While Cellini was in France, Primaticcio had been sent to Italy to collect art treasures on behalf of the king. The painter returned with the moulds of some of the most celebrated statues of antiquity. Bronze castings were made from these at the foundry at Fontainebleau and the statues were finally set up in the long gallery at Fontainebleau ready for the king’s inspection. They included the Vatican “Ariadne,” the “[Apollo Belvedere],” the “[Laocoon],” the “[Aphrodite of Cnidus]” and the “Hercules Commodus.” Cellini had certainly some ground for complaint when he found his silver statue of Jove placed in such a company, and it is not surprising that he attributed the chance to the envy of his rival, the painter. Readers of the “Autobiography” will remember the wealth of artistic detail intended to “add verisimilitude to an otherwise bald and unconvincing narrative” with which Cellini narrates how the malice of Francis’ mistress, Mme. d’Estampe, was used against him. The visit of Francis to the gallery was delayed until evening in the hope that Cellini’s silver statue would appear mean among the ancient masterpieces with which it was to be shown. Of course the wayward Florentine was fully equal to the emergency. He placed a great torch in the hand of Jove and ordered his assistant to avoid lighting it until the king had passed the rest of the statues and was inspecting the silver one. The flood of light produced the effect which Cellini had anticipated. It was the modern statue, not the old-time bronzes which appeared the more effective.
The experience of Cellini at the Court of Francis I. proves that sculpture in France had now a body of influential and appreciative patrons—the first essential of a strong art movement. As we have seen, these patrons had very solid reasons for the interest they extended to the artists they employed. Francis’ marked preference for painting and sculpture of the Italian manner was not, however, without drawbacks. By selecting Rosso and Primaticcio to supervise the decoration of the palace at Fontainebleau, Francis practically endowed a foreign style. No doubt his judgment was sound. The native sculptors and painters had neither the experience nor the skill to carry out a scheme so foreign to anything upon which they had worked before.
In a very short while, however, the example of the Italians and the heavy premium placed upon any artistic talent led to the rise of native sculptors of distinction. The first French sculptor of supreme ability was Jean Goujon. The name first occurs in the building accounts of St. Maclou at Rouen in 1540. By 1547 Jean Goujon had entered the service of Francis I. Two years later he was at work upon the Fountain of the Innocents of Paris. The most instructive example of Goujon’s work is, however, the famous “[Diana]” now in the Louvre. The statue originally surmounted a fountain in the courtyard of Diana of Poitiers’ Castle of Anet, built by Henry II. for his mistress. The marble rested upon a sarcophagus raised upon tier after tier of carved decorative work. It was, therefore, intended to be viewed at an elevation, as can be seen in the well-known drawing by Goujon himself at the British Museum.
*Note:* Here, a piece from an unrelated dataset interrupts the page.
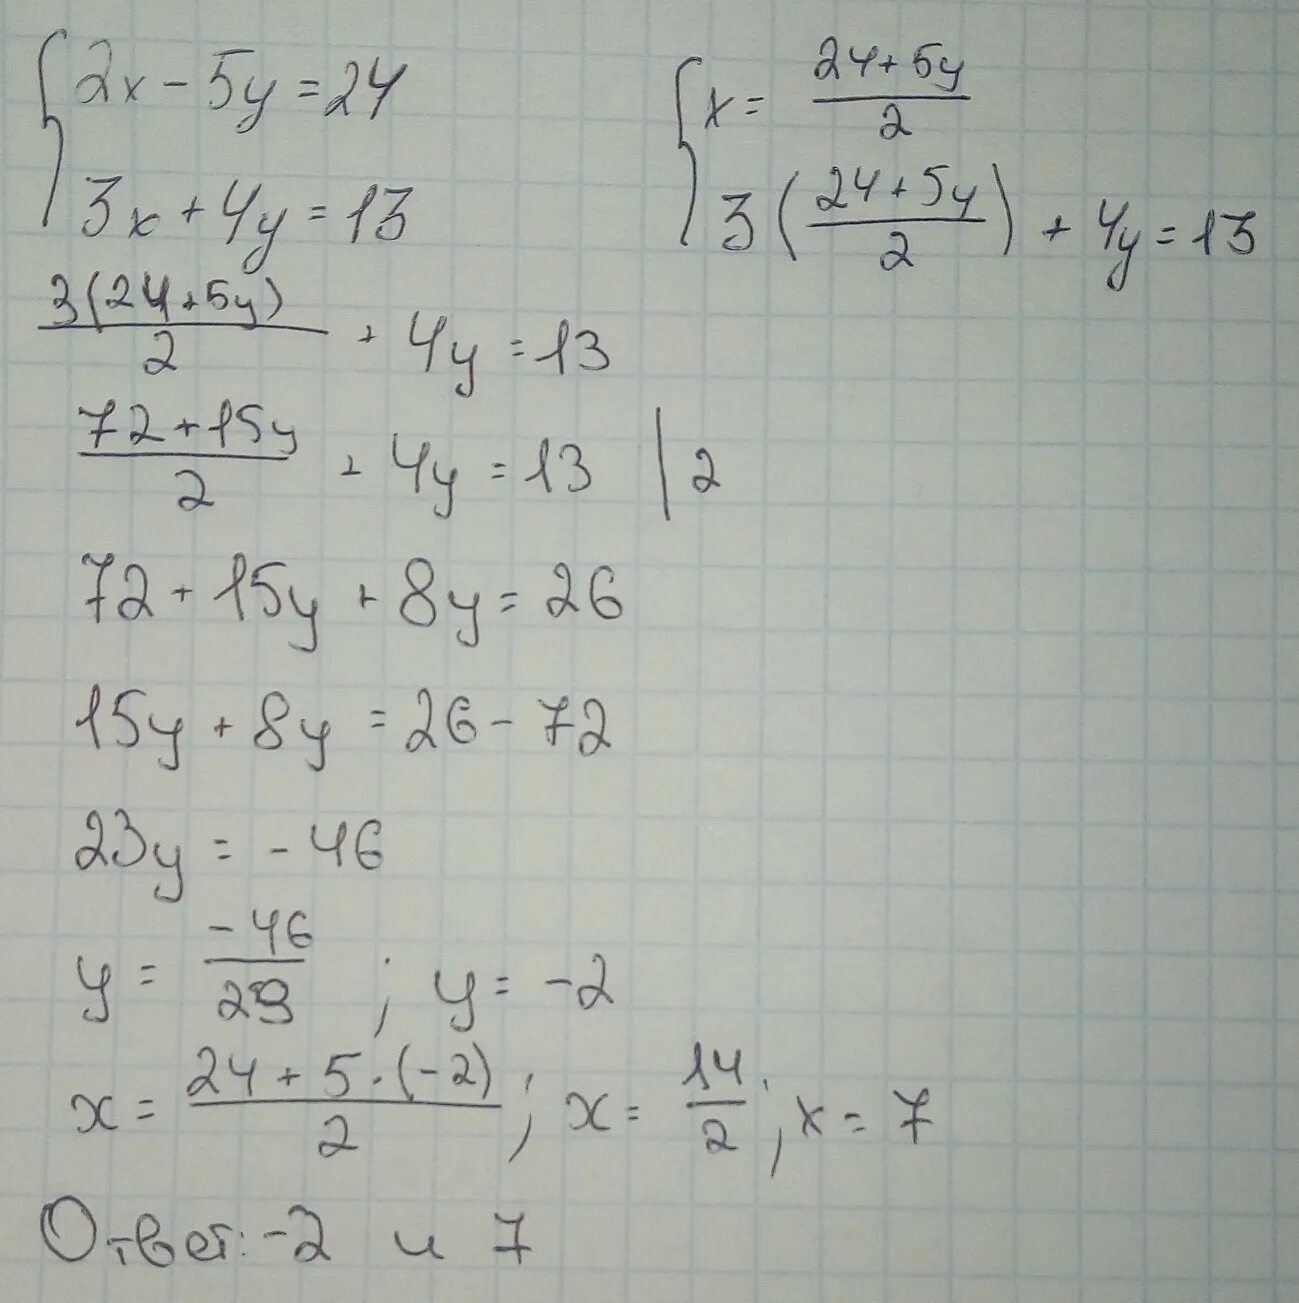 4x 1 13 решение. 13,2:24 Решение. (4у+4у-13)+(4у-4у+13). Решите уравнение 13у+15у-24 60. (-1+I) ¹³ решение.

In estimating the genius of Goujon, the fact that he was first and foremost an architect must never be forgotten. The full beauty of his statues can only be properly appreciated when considered in connection with the sites for which they were designed. When we realize the decorative scheme of which a statue like “[Diana]” was intended to be the culminating-point, we can see that the claims of Goujon to be considered as the founder of modern French sculpture are not ill-founded. In addition to its fine decorative effect, the “[Diana]” possesses that balance which has always been a feature in the finest French art. For the rest, Goujon owes some prominent characteristics of his style to Cellini and the painters of the Fontainebleau school. Note, for instance, the elongated limbs and the over-slender proportions of his figures which Goujon has accentuated in his endeavour to endow his statues with all possible grace. The justification for the inclusion of Goujon among the great masters of sculpture depends upon the fact that he was the first French sculptor to introduce the nude figure as an object of æsthetic admiration into French decorative art. In doing so he freed French sculpture from the bonds of asceticism, and showed how its eventual greatness was to be secured.
JEAN GOUJON
DIANA (FROM THE FOUNTAIN AT ANET)
Louvre, Paris
Nor does this exhaust the interest attaching to Goujon’s “Diana.” It equally emphasizes the second great characteristic of French sculpture—its connection with the feminine element, which has always been a dominant factor alike in French art and French social life.
It is said that in the statue of “[Diana],” Goujon has portrayed the form of his patroness, Diana of Poitiers. And, indeed, the cold nude figure of the goddess of Chastity might well serve as a character-sketch of the passionless beauty who captivated the Dauphin Henry when he was half her age, ruled France for half a decade, and—a poseuse to the last—died leaving large sums to found a home for repentant Magdalens of Paris. Almost every prominent French artist during the sixteenth, seventeenth, and eighteenth centuries was closely connected with one or other of the Court favourites. In the case of Goujon it was Diana of Poitiers. His career was immensely helped by the friendly aid of the mistress of Henry II.